Nevertheless, he said cabbies were businessmen and would go where there was business.

He conceded that ComfortDelGro - the biggest cab operator with 15,000 taxis - could do more to better cater to demand.

He said one way was to build a sophisticated call-booking centre. The group has a $53 million centre which caters to around 100,000 calls a day and can prevent 'abuse' by drivers.

'Our system ensures that drivers cannot manipulate the 'On Call' system. If they are not attending to a booking job, they cannot 'pretend' that they are. The call centre is in full control of the situation,' he said.

Commenting on the recent rash of taxi touting cases and a subsequent clampdown by the Land Transport Authority, Mr Lim said the large number of taxi operators today was to blame.

'In the past, when the industry was regulated, there were two major taxi companies. Drivers with bad habits were blacklisted and had nowhere to go,' he noted.

But with more operators following deregulation, competition for drivers had intensified. It meant that bad drivers whose services were terminated by one company had no trouble joining another company, he said.

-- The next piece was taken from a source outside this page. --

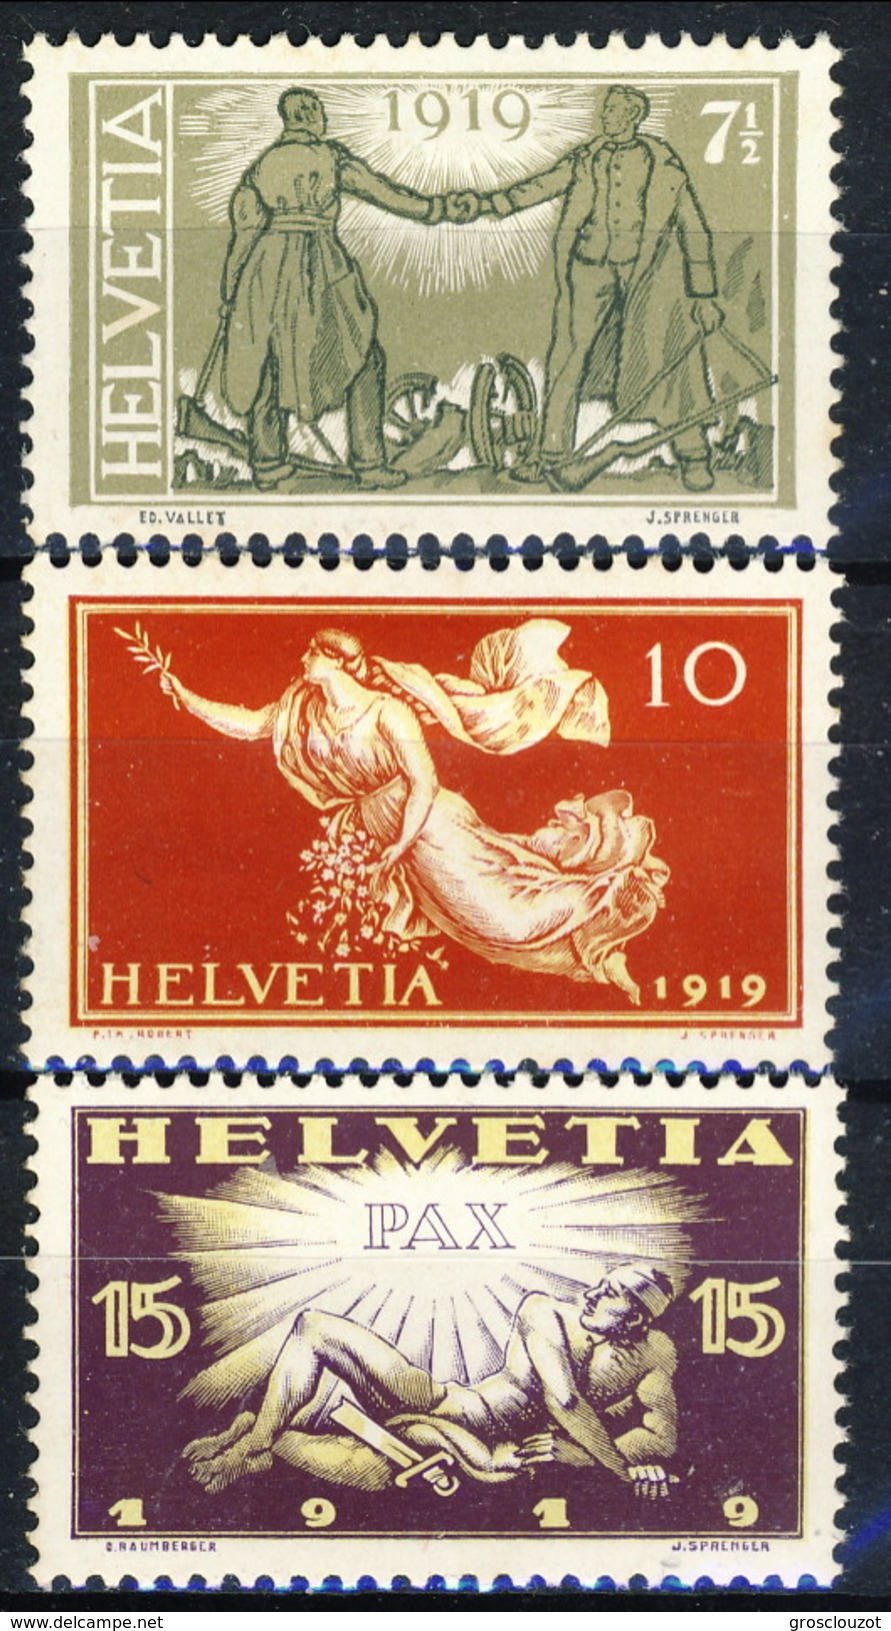 Svizzera 1919 Serie N. 170-172 Pace MNH Cat € 25 - Nuovi

But, according to the LTA, more than two-thirds of cabbies nabbed for touting, overcharging or refusing to pick up fares in the recent crackdown were from the big companies.

Some cabbies, however, felt there were touts because the demand for cabs was too high.

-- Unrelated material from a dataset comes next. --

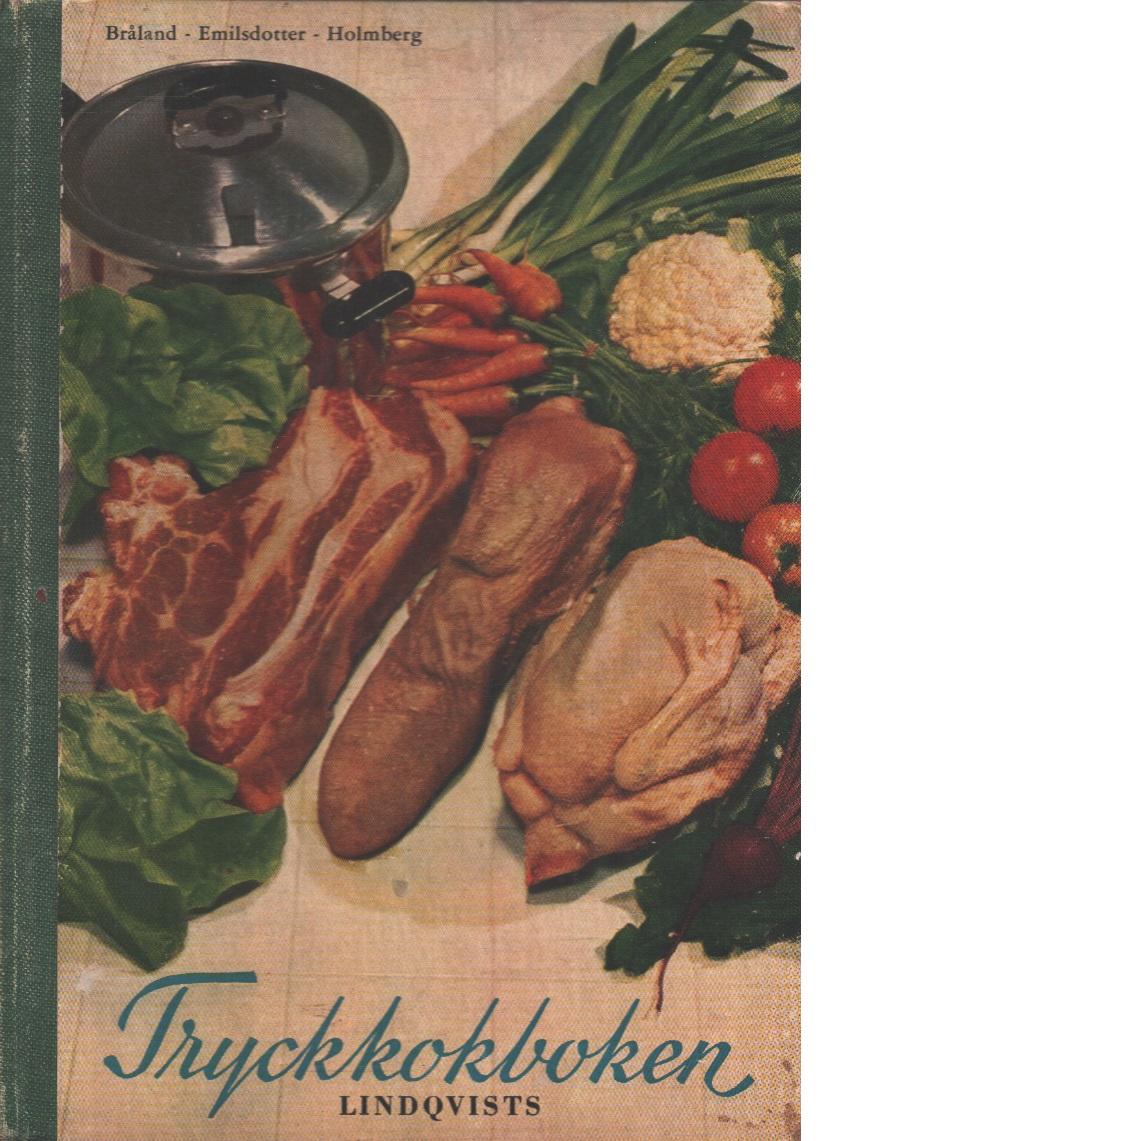 Tryckkokboken - Bråland, Ingrid

Cabby Chew Lian Sheng, 37, said: 'You go to a taxi stand in Clarke Quay and see a queue of cabs waiting for passengers. You think there will be a market for touts?'

He said taxi fares here were just too low. 'Even a maid on $350 monthly salary can afford to take a taxi. Primary school children can afford to book taxis,' he said.

Among those who have argued for a higher flag-down fare is Straits Times contributor Han Songguang, a postgraduate student at the National University of Singapore.

Citing the long line of taxis snaking towards Changi Airport every day, he said: 'You could see this as proof that the surcharge works.

'But then, couldn't these empty taxis be better deployed to other areas of the city where demand is higher and the waiting time much shorter for the cabbies?'

He felt the various surcharges created false demand and distorted the market. Once basic fares were raised, the market would adjust itself.

Commuters' expectations also had to be adjusted. 'The cheap-and-good mentality needs to be redefined,' he said.

Mr Lim Chong Boo, managing director of Premier Taxis, a newcomer in the business with 2,300 cabs, is also convinced that fares must rise. 'This is to help cabbies cope with fast-rising diesel prices and inflation,' he said.

For now, the industry is waiting for market leader ComfortDelGro to make the first move.

The giant, with close to a 70 per cent share of Singapore's 23,000-strong taxi market, has refused to comment on fare changes and Mr Lim stayed away from the topic in his speech as well yesterday.